Now, this article outlines the foundational concepts needed to build an AI agent. It also sets the stage for subsequent posts that will explore implementation details, tool integration, orchestration, governance, and evaluation. This is Day One of a multi-part technical series.

What Is an AI Agent?

Technically, an AI agent is a software system that uses a language model, tools, and state management to complete a defined objective.
It operates through a controlled cycle of reasoning and action, instead of remaining a passive text generator.

A typical AI agent includes:

A model for reasoning
A set of tools for retrieving information or executing operations
An orchestrator that manages the interaction between the model and those tools
A deployment layer for running the system at scale

This structure turns a model from a text interface into an operational component that can support business processes or technical workflows.

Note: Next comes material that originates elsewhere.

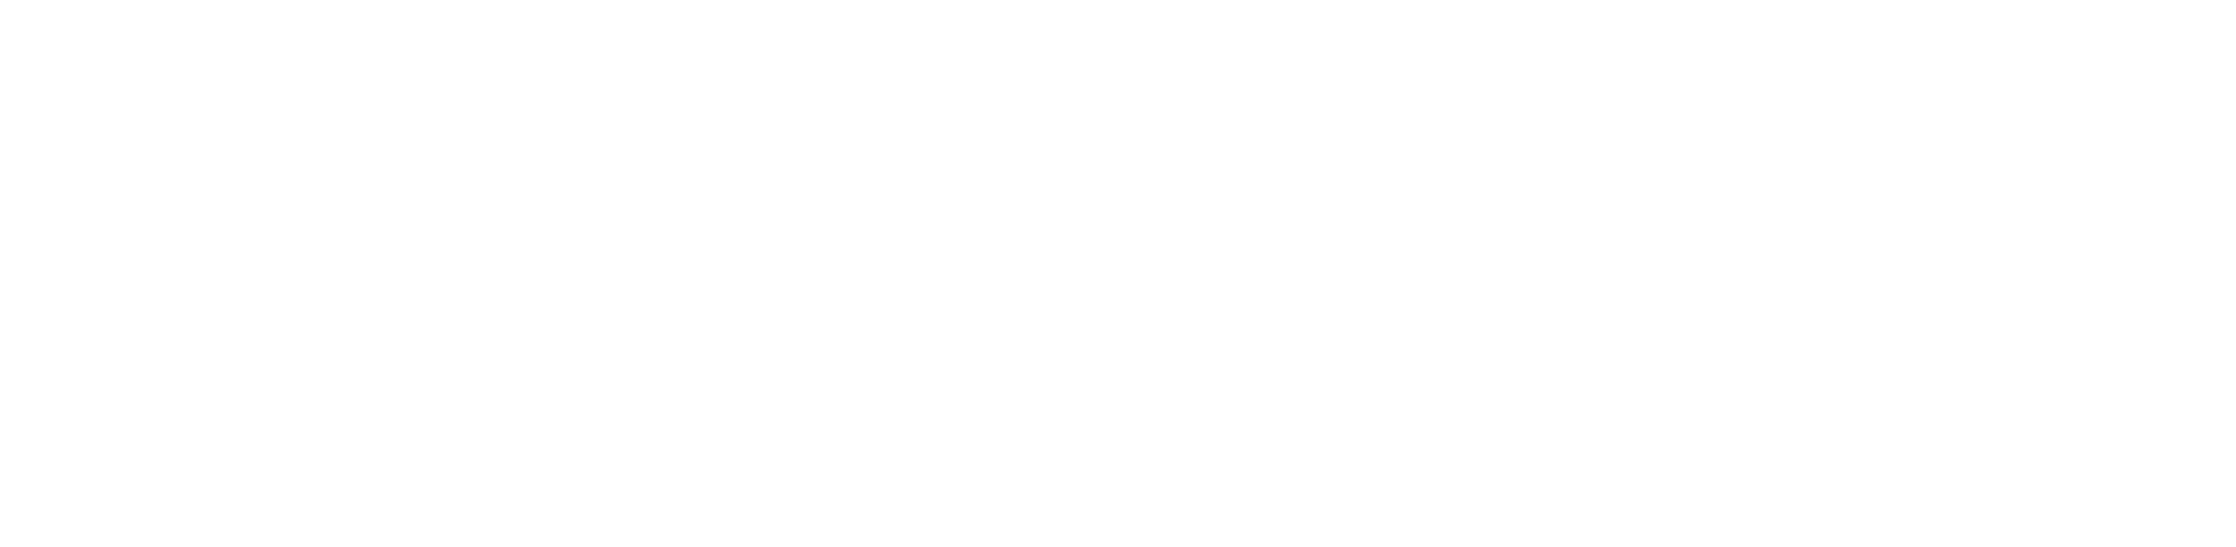 H. Maußen - GmbH & Co. KG

The AI Agent Workflow: The Think–Act–Observe Cycle

All agent systems follow a predictable control loop.
This loop is essential because it governs correctness, safety, and resource usage.

1. Mission Acquisition
The system receives a task, either from a user request or an automated trigger.
Example: “Retrieve the status of order #12345.”

2. Context Assessment
The agent evaluates available information:

Prior messages
Stored state
Tool definitions
Policy rules

3. Reasoning Step
The model generates a plan.
Example:

Identify the correct tool for order lookup
Identify the tool for shipping data retrieval
Determine response structure

4. Action Execution
The orchestrator calls the selected tool with validated parameters.

5. Observation and Iteration
The agent incorporates tool output back into its context, reassesses the task, and continues until completion or termination.

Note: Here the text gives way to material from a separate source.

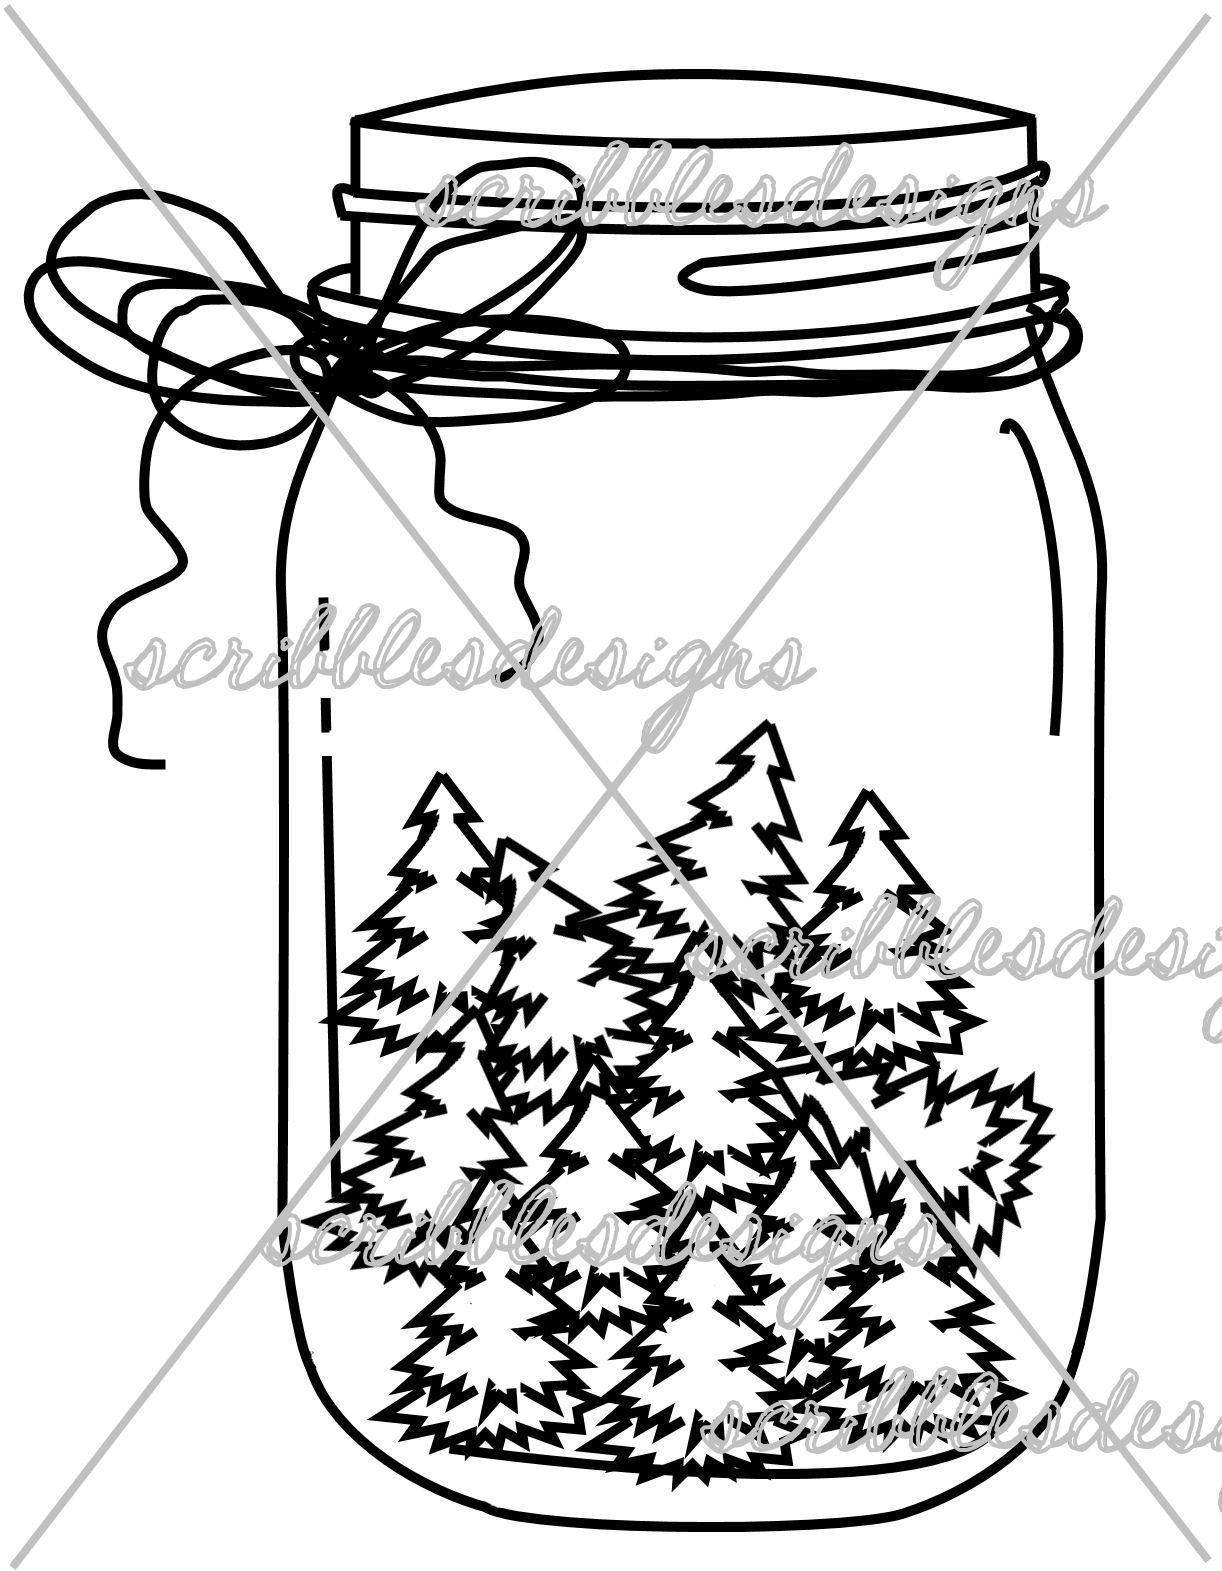 http://buyscribblesdesigns.blogspot.ca/2015/03/894-holiday-tree-mason-jar-300.html

This controlled loop prevents uncontrolled behavior and supports predictable outcomes in production systems.

Core Architecture of an AI Agent System

1. Model Layer

The model performs all reasoning.
Selection depends on:

Latency requirements
Cost boundaries
Task complexity
Input/output formats

Multiple models may be used for routing, classification, or staging tasks.
However, initial implementations usually rely on a single model for simplicity.

2. Tool Layer

Tools provide operational capability.
A tool is a function with strict input/output schemas and clear documentation.
They fall into categories such as:

Data retrieval (APIs, search functions, database operations)
Data manipulation (formatting, filtering, transformation)
Operational actions (ticket creation, notifications, calculations)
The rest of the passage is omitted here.